CONSTRUCTION AND OPERATION OF TWO TYPES OF HYDRANTS

CONSTRUCTION AND OPERATION OF TWO TYPES OF HYDRANTS

Concluding Installment of a Series of Articles Started in the February Issue— Outstanding Features of Design Explained

ON many occasions, particularly in the outlying sections or rural areas, the fact has been demonstrated that efficient and expensive fire apparatus is useless unless supported by an adequate water supply. As it is not always practical or feasible for pumpers to draft water from ponds or cisterns, means are provided for obtaining a supply of water from the city distribution system. Hydrants are installed to provide Fire Departments with a physical means of connecting their suction lines or the hose lines to a dependable water supply.

There are many types of hydrants in common use. Two are described in this concluding installment.
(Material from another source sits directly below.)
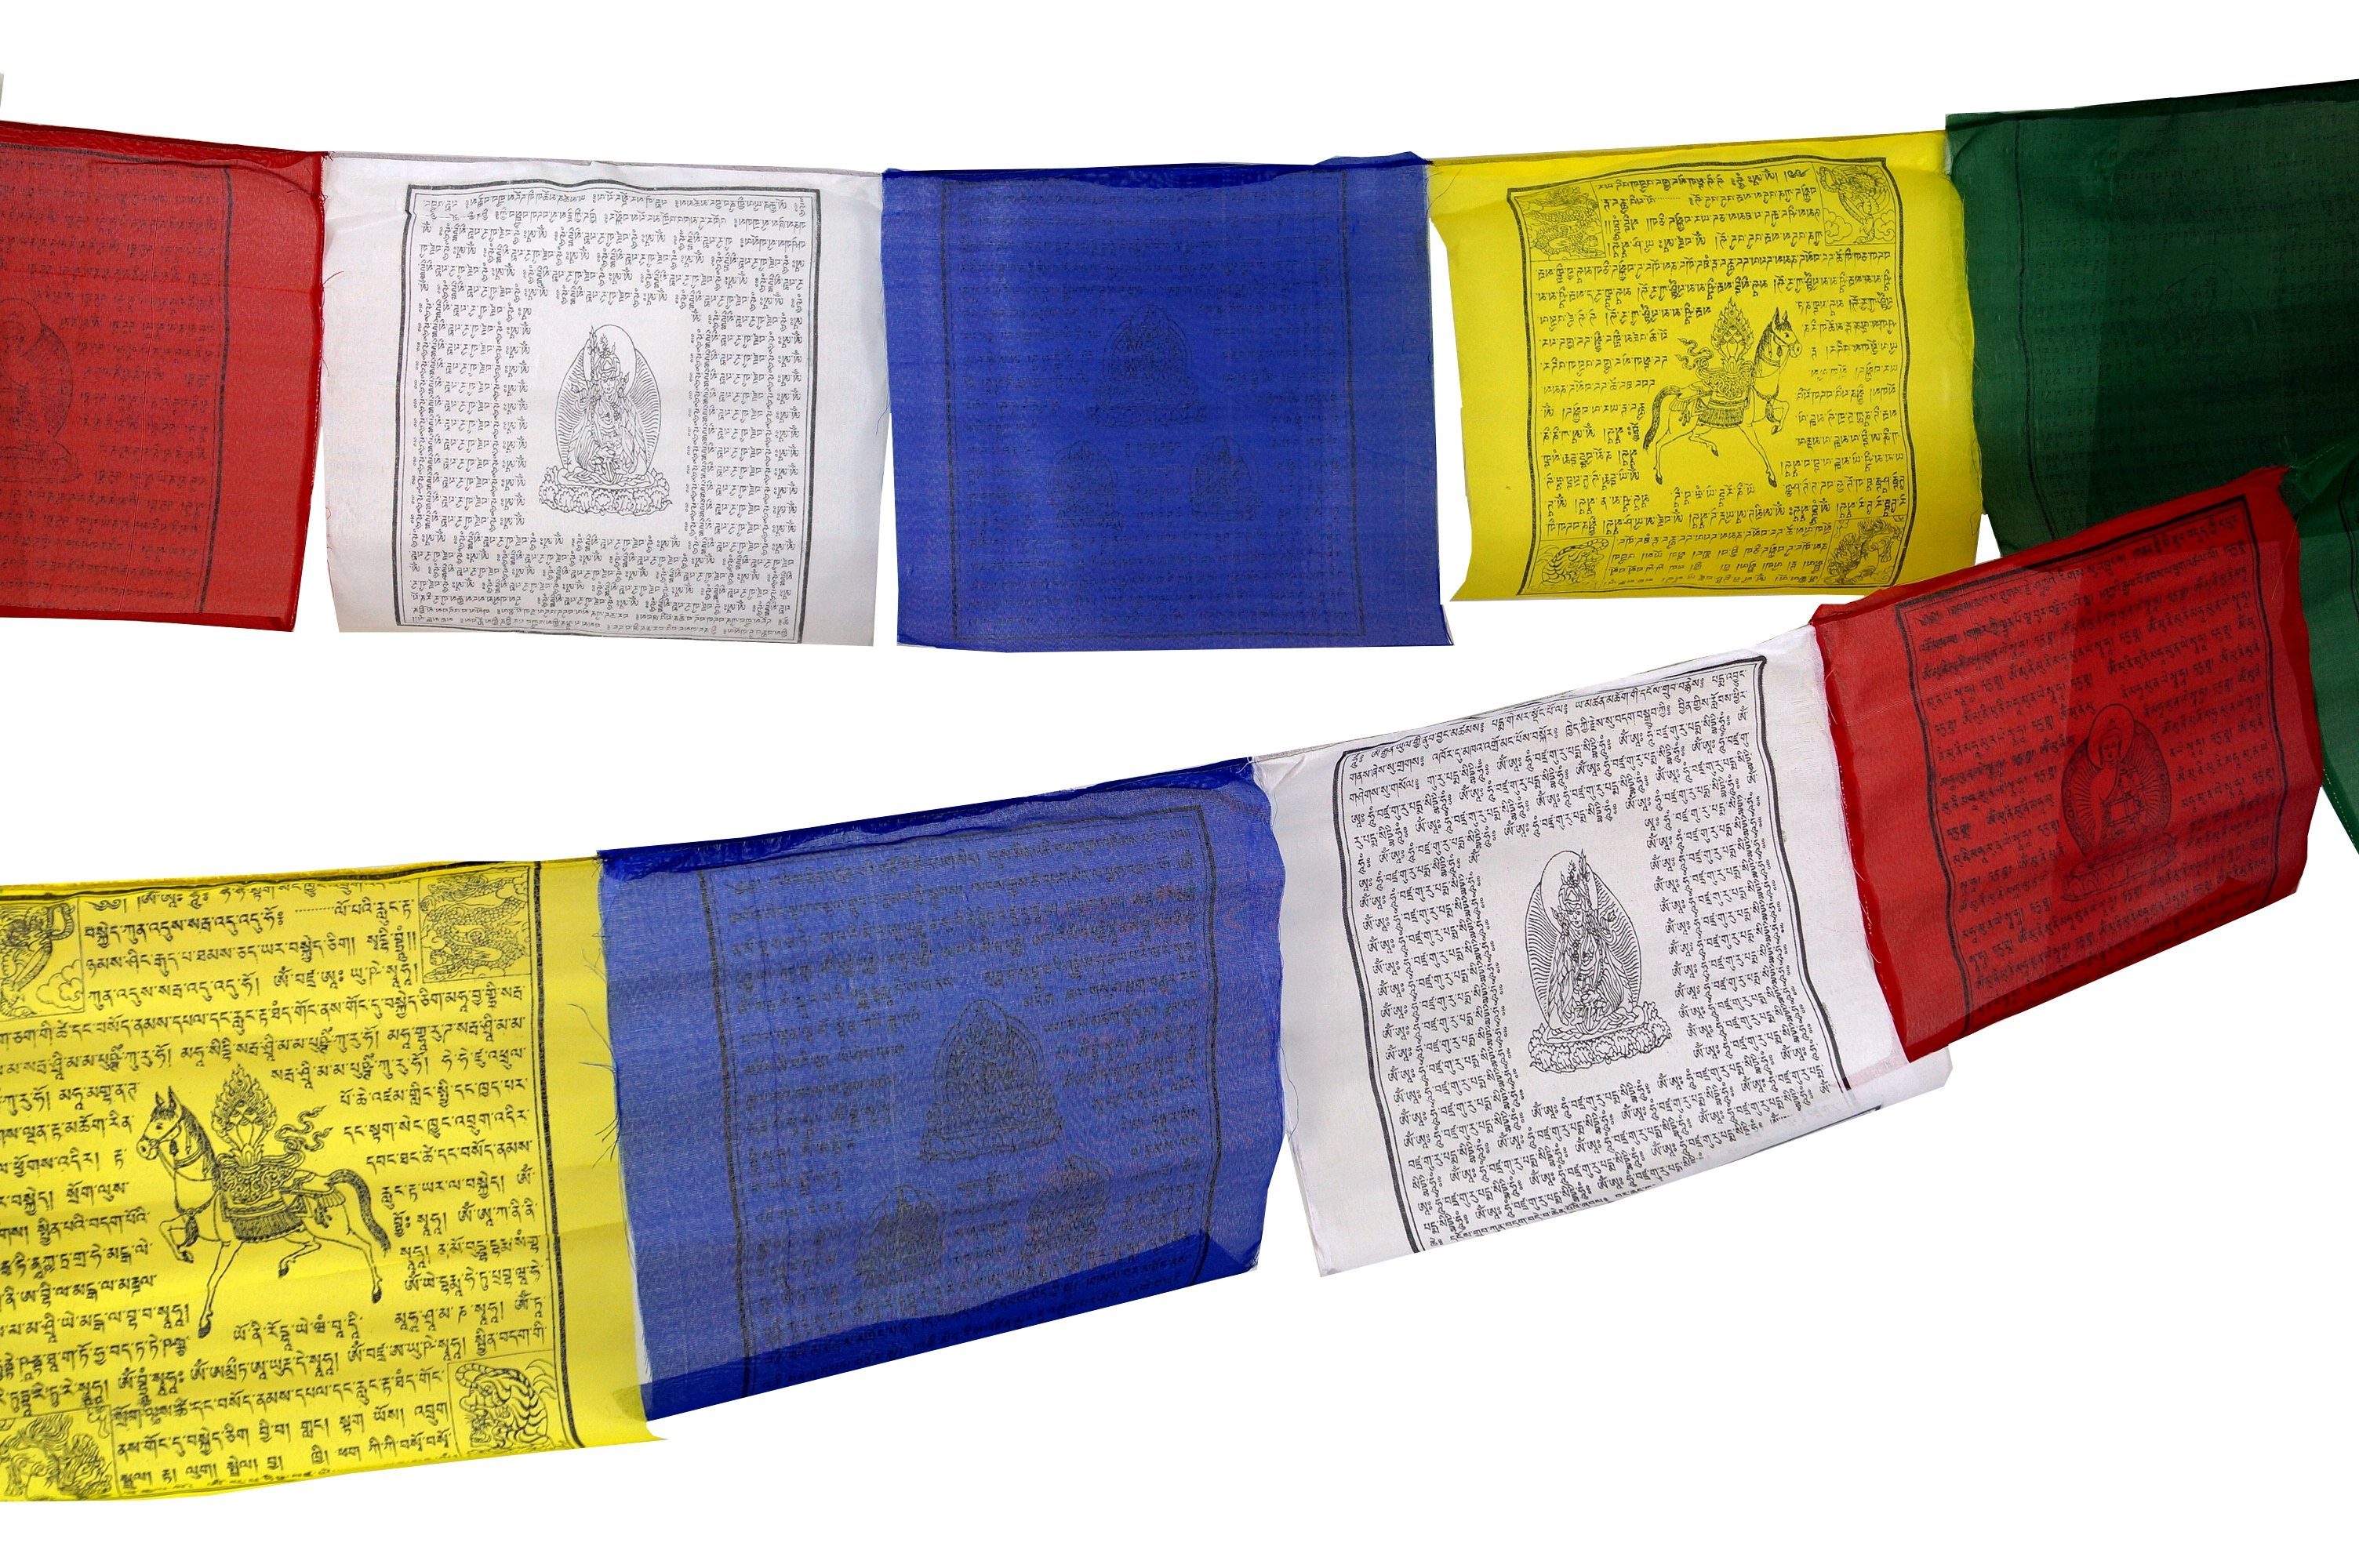 Guru-Shop Wimpelkette in m cm) Längen.. Tibetische Gebetsfahne (wimpel lang 17*14 verschiedenen 4,50
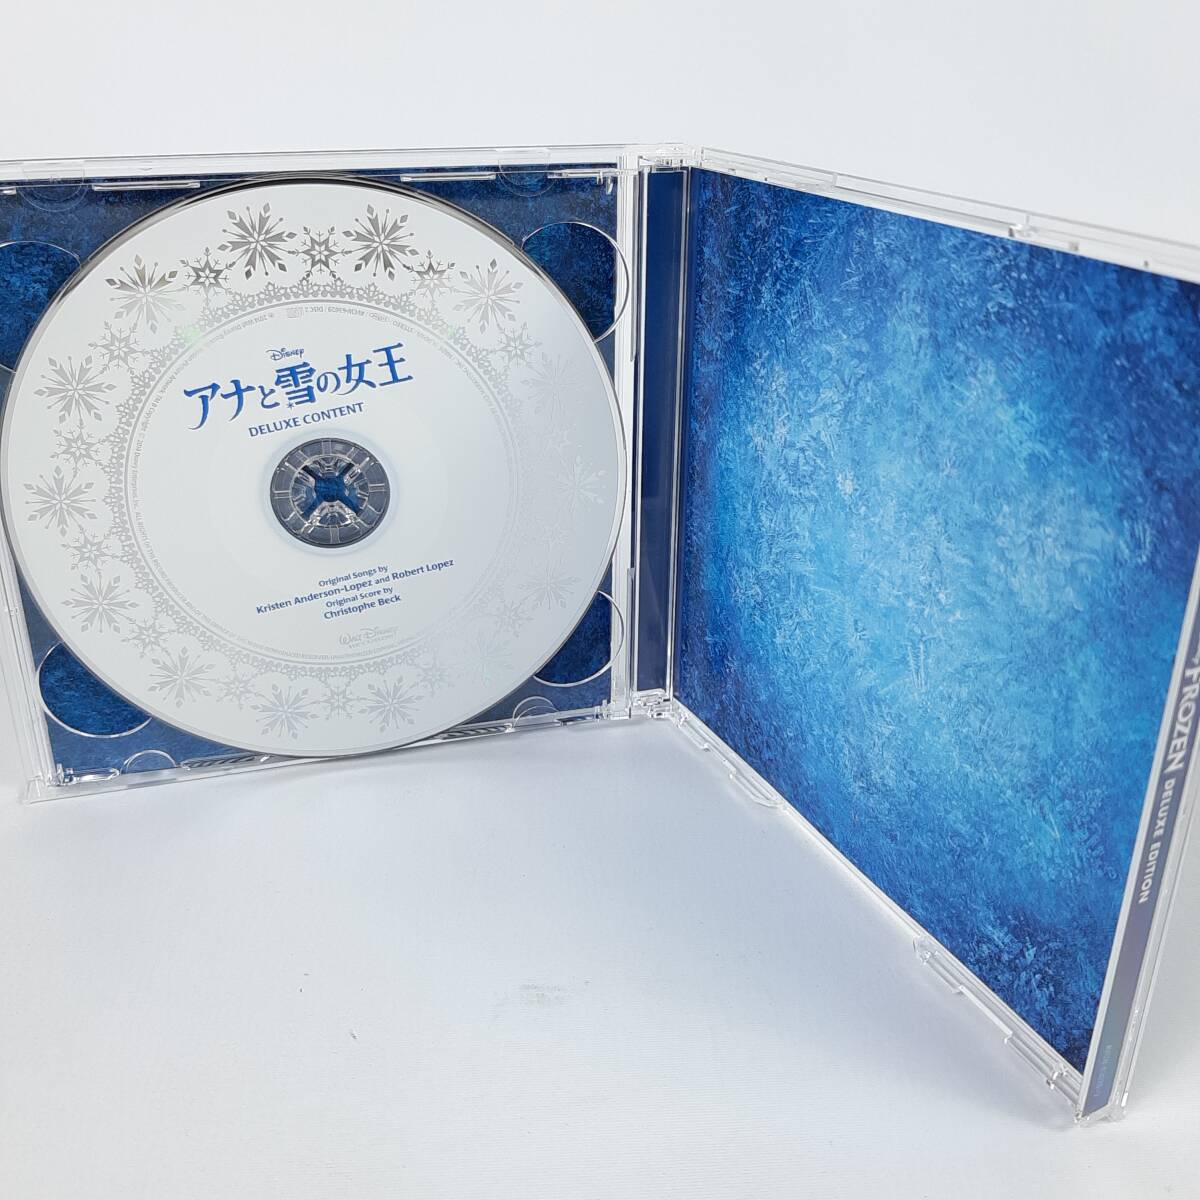 「アナと雪の女王」 オリジナル・サウンドトラックーデラックス・エディションー[初回盤スリーブケース付]_画像4

The O’Brien hydrant (A. P. Smith Manufacturing Company, East Orange, N. J.) has a large diameter standpipe to cut down the frictional resistance. The manufacturers claim that a standard type two-nozzle hydrant was tested under a delivery of 250 gallons per nozzle, and the friction loss was but 1.7 pounds.

Cross Section of the O'Brien Hydrant

The drip valve of the hydrant is so correlated with the main stem that the moment the main valve is closed, the drip valve opens. The action of the drip valve is positive.

A good size packing box is provided. Where the spindle passes through the packing box, it is bushed with bronze so that it will give unfailing service.

When the hydrant is once set, the standpipe section need not be disturbed in order to make any repairs that might be necessary to the inner parts. All that is required is to remove the bonnet and top and to insert a wrench designed for that purpose. Every inner part, including the valve seat, can be removed in one operation. When the necessary repairs have been made, the parts can be replaced with the same wrench.

Waterous Hydrant

The spindle nut mechanism of the Waterous hydrant (Waterous Fire Engine Works, St. Paul, Minn.) is not exposed to water due to the locating of the packing gland (4).

The drain is in reality a piston valve or plunger that floats between a bronze cross bar (23) on valve rod and upper valve washer. When the hydrant is opened, the drain plunger (19) moves downward and closes the drain opening. When the hydrant is closed, the plunger moves upward and uncovers the drain. Downward movement of the plunger is caused by the cross bar, and the upward movement by the upper valve washer. A bail at top of plunger encircles one arm of the cross bar and prevents loss of the plunger when the hydrant is disassembled.

Section of Waterous Hydrant

To remove the valve seat and drain, the bolts (17) are unscrewed, and the jamb nut (2) and spindle nut (1) are removed. The top (3) is now taken off. This exposes the valve rod (21) and the interior of the hydrant. The valve seat wrench is now inserted over the valve rod and lowered into the standpipe until the wrench reaches the valve seat (18). With the aid of a bar in the upper end of the wrench, the seat can be unscrewed and the hydrant rod removed with its seat, valve and drain mechanism. When these parts are taken out, renewals or repairs can be made without difficulty.

To replace, the valve, valve seat and drain are all assembled on the hydrant spindle and lowered into the standpipe until the bottom is reached.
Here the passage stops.